Dans ce domaine, est-il exact qu’il existe, pour le moment, un vide juridique en droit national ?

Effectivement. L'aboutissement de la réforme en cours4 permettrait, notamment, de combler le vide juridique qui existe actuellement en droit national. Celui-ci concerne, d’une part, la procréation médicalement assistée (PMA) qui, bien que pratiquée au Luxembourg, ne fait encore l’objet d’aucune disposition légale. Cette situation amène d’ailleurs, depuis plusieurs années, différentes institutions nationales – telles que l’Ombuds-Comité fir d’Rechter vum Kand, la Commission Nationale d’Éthique ou encore la Commission Consultative des Droits de l’Homme – à recommander de légiférer sur ce point et de réglementer les pratiques de la PMA. Ce vide juridique concerne, d’autre part, la gestation pour autrui (GPA).

Nous dirigeons-nous vers une « PMA pour tous »?

Un cadre juridique inhérent à l’implémentation d’une « PMA pour tous » serait défini, c’est-à-dire une PMA qui serait accessible aux couples de personnes de sexe opposé et de même sexe, mariées, pacsées ou vivant en concubinage, et également ouverte aux femmes célibataires. L’établissement de la filiation des enfants issus d’une PMA avec ou sans tiers donneur serait précisément réglementé. De plus, la légalité des PMA post mortem, réalisées après le décès de l’un des auteurs du projet parental, serait établie.
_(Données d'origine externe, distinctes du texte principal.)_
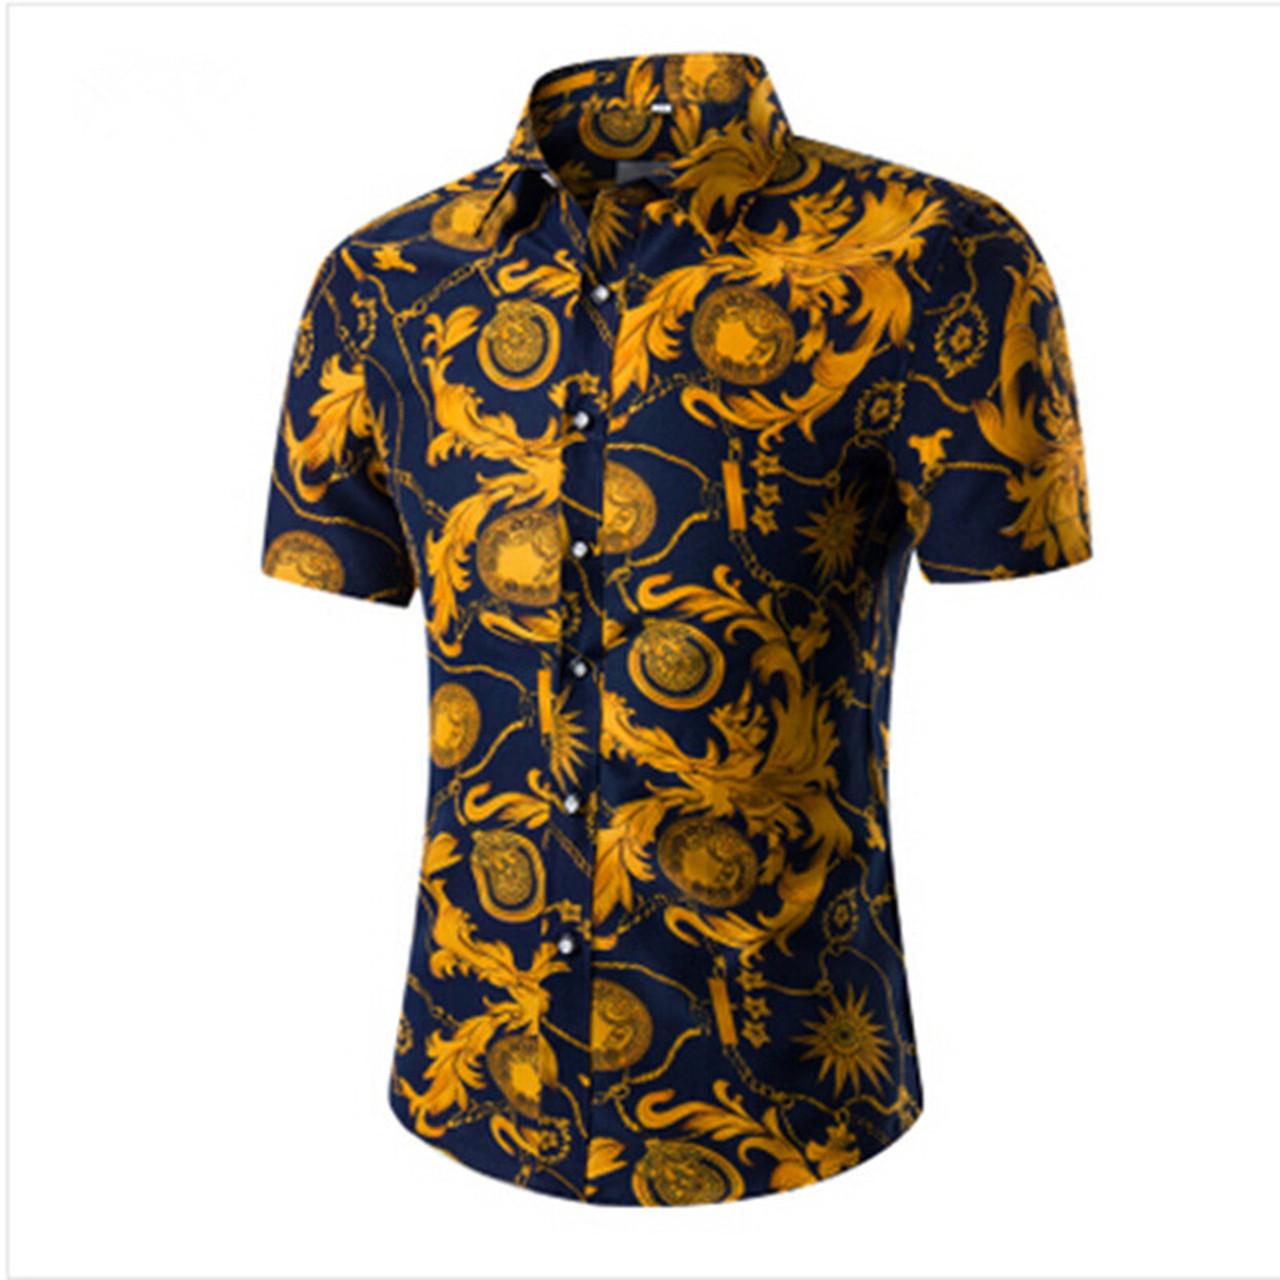 26d527ca953d 2018 Fashion Mens Short Sleeve Hawaiian Shirt Summer Casual Floral Shirts  For Men Asian Size M ...

Enfin, un nouvel acte de l’état civil permettant au(x) parent(s) non biologique(s) de reconnaître l’enfant serait créé. L’acte de naissance de l’enfant indiquerait, par la suite, le ou les auteurs de l’acte de parentalité comme parents. Et surtout, concrètement, la maternité et la paternité ne pourraient pas être contestées en présence d’un acte de parentalité dressé dans les conditions prescrites par la loi.

Le pays va-t-il se positionner expressément vis-à-vis de la GPA pratiquée au Luxembourg ?

La GPA serait formellement interdite en tant qu’acte médical au Luxembourg, et sanctionnée. Il est ainsi proposé de punir d’un emprisonnement de huit jours à six mois et d’une amende de deux mille à cent vingt-cinq mille euros ou de l’une de ces deux peines seulement, la mère porteuse portant un enfant conçu par GPA réalisée au Luxembourg et le ou les parents d’intention ayant commandité ledit enfant, ainsi que le fait de procéder, au Luxembourg, à un acte médical menant à une GPA.

Qu'en est-il d'une éventuelle reconnaissance juridique des effets d’une GPA valablement réalisée à l’étranger ?

A certaines conditions, les effets d’une GPA réalisée régulièrement à l’étranger pourraient être reconnus au Luxembourg. Ainsi, si un acte de parentalité a été valablement établi auprès d’un officier de l’état civil luxembourgeois ou si la convention médicale dressée entre les auteurs du projet parental et le centre de fécondation ou le médecin chargé de mettre en œuvre l’assistance médicale a été légalement faite au regard de la loi de l’État dans lequel elle a été dressée, l’acte de naissance de l’enfant né à l’étranger pourrait être transcrit avec l’établissement d’une filiation à l’égard des deux parents d’intention, de sexe opposé ou de même sexe. En l’absence d’acte de parentalité ou de convention médicale valable, l’acte de naissance étranger serait seulement transcrit par rapport à la mère ayant accouché de l’enfant. Cependant, l’acte de naissance transcrit pourrait énoncer une autre mère que la femme ayant accouché de l’enfant, si cette dernière a renoncé expressément, clairement et sans équivoque à tous les droits concernant l’enfant.

Article rédigé par le LISER, paru dans Femmes Magazine, édition mars 2019

1 Ce projet de recherche a été financé par le GIP Mission de Recherche Droit et Justice (France) et mené en collaboration avec le CEJESCO de l’Université de Reims Champagne-Ardenne, sous la direction de Clotilde BRUNETTI-PONS.

2SEGURA J., « Le “droit à l’enfant” et la filiation en droit luxembourgeois », in « PMA, GPA : quel statut juridique pour l’enfant ? », Editions Mare et Martin, 2019, pp. 205 à 218.

3 Accord de Coalition 2018-2023, p. 22.

4 Voir le projet de loi portant réforme du droit de la filiation n° 6568A.